Successive federal governments have invoked debt servicing, defence, terrorism, merger of Fata with KP, the Covid-19 pandemic and climate induced-disasters to revisit the existing formula, while GB is knocking on the door for its fair share. Rather than ring-fencing, Islamabad has undermined the NFC award by randomly accessing it for contingencies.

This dysfunctionality is an inevitable result of an overly centralised system that denies the provinces powers to generate and collect revenues except through property and agricultural income taxes, the latter remaining a pipe dream. Likewise, the federal government is accused of defining the services sector arbitrarily to increase its own share.

Finally, the efforts to weave environment and climate resilience in development planning has been far from successful since the efforts at national and provincial levels began in the early 1990s. This has made Pakistan a high-risk country, routinely suffering unbearable losses and damages. The 2022 floods alone cost over $30 billion. The NFC award is an underutilised policy instrument for Pakistan to adopt a climate-smart development pathway. Climate-compatible NFC awards can help to systematically pursue SDG targets and build climate resilience.

Given the present transitional nature of the polity, it is unlikely that the government can constitute the commission, or muster a new consensus. What then are the government’s options for immediate remedial measures? Creating a national pool of funds to manage contingencies.

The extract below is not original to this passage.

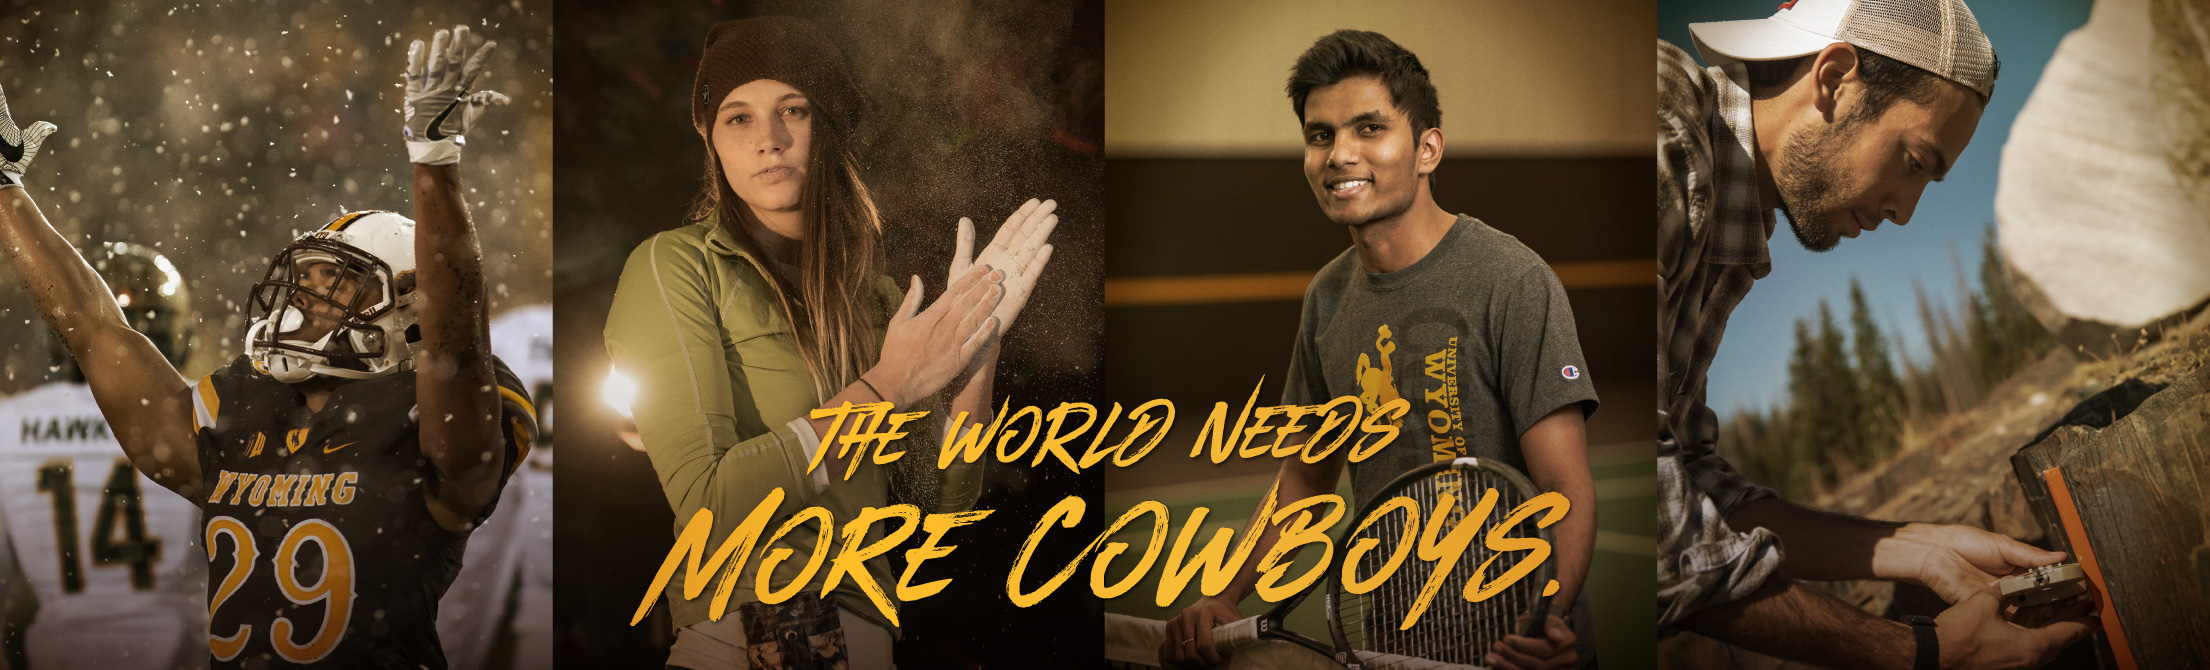 A variety of UW students and the text: the world needs more cowboys.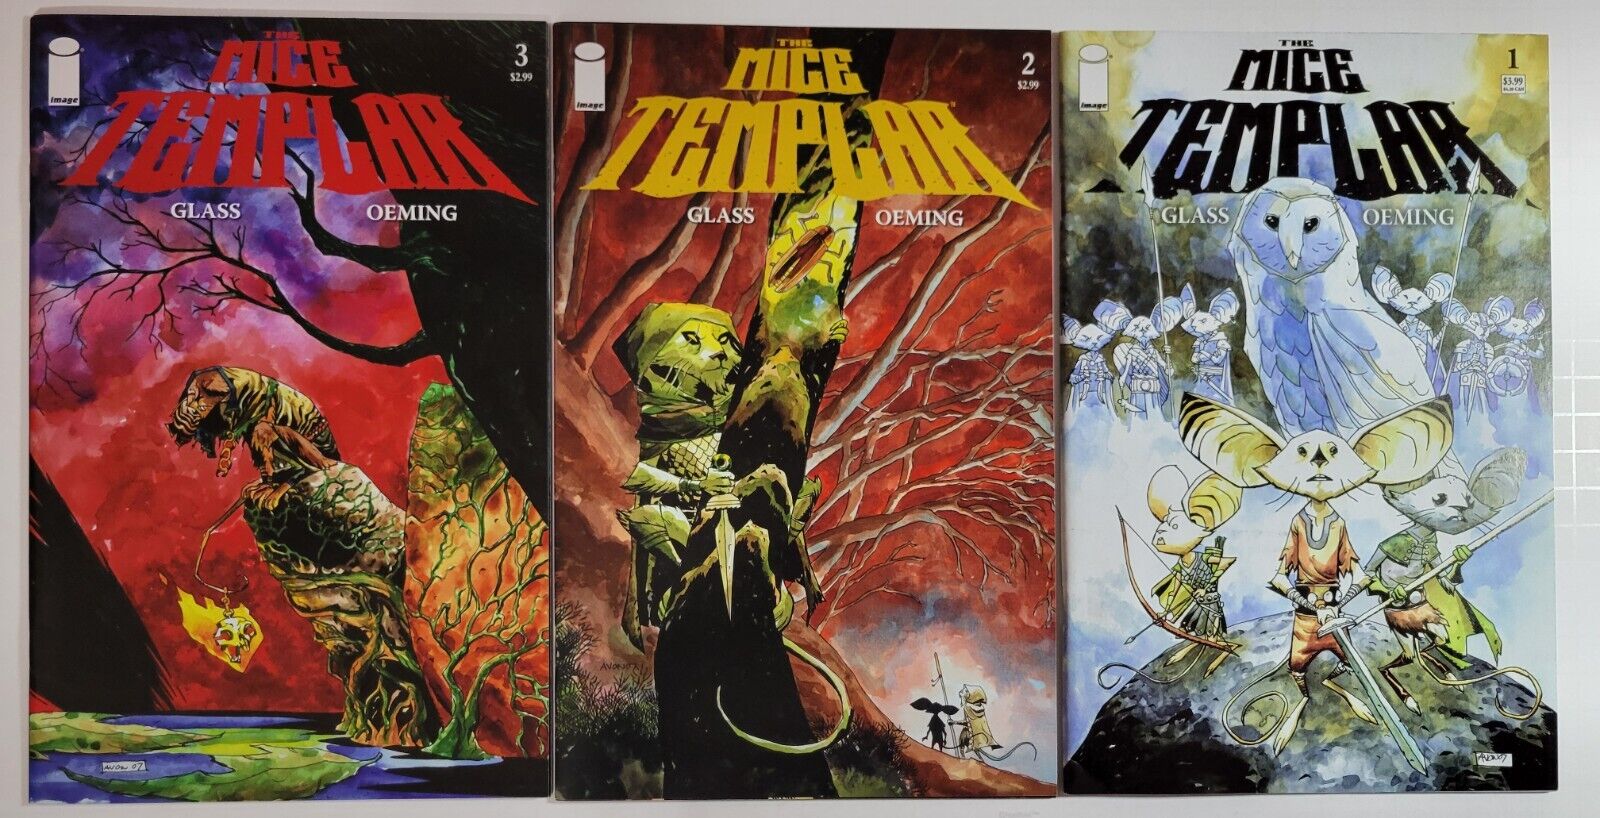 Mice Templar, The #1 #2 #3 Glass Oeming Image 2007 Solid Reader copies. Lot of 3

In operational terms, the government may like to roll back the 1pc fund that was set aside for KP to tackle terrorism, now that it has been largely tamed. The provinces have been asking to bring this pre-allocation to a closure. Herein lies an opportunity to repurpose this allocation as an inter-provincial climate risk pool. This fund can lend collective support to the provinces immediately following any climatic disasters. Timely support will save ongoing projects from repurposing and skimming from the development portfolio. This practice has already robbed the country of important development projects at least twice, first to combat Covid-19 and then to meet the emergency requirements of last year’s floods.

The creation of such a fund will help foster a national policy dialogue on climate risk management. The global experience is that such funds help increase impact by developing pre-agreed disaster response plans, initiate insurance solutions for infrastructure, crops, livestock, and housing. The creation of a dedicated fund by the NFC can help upfront payments of insurance premiums and enable a shift toward proactive risk management. If introduced, it can help Pakistan meet her SDG targets and lay the foundation for a climate-smart NFC award.

The writer is an expert on climate change and development.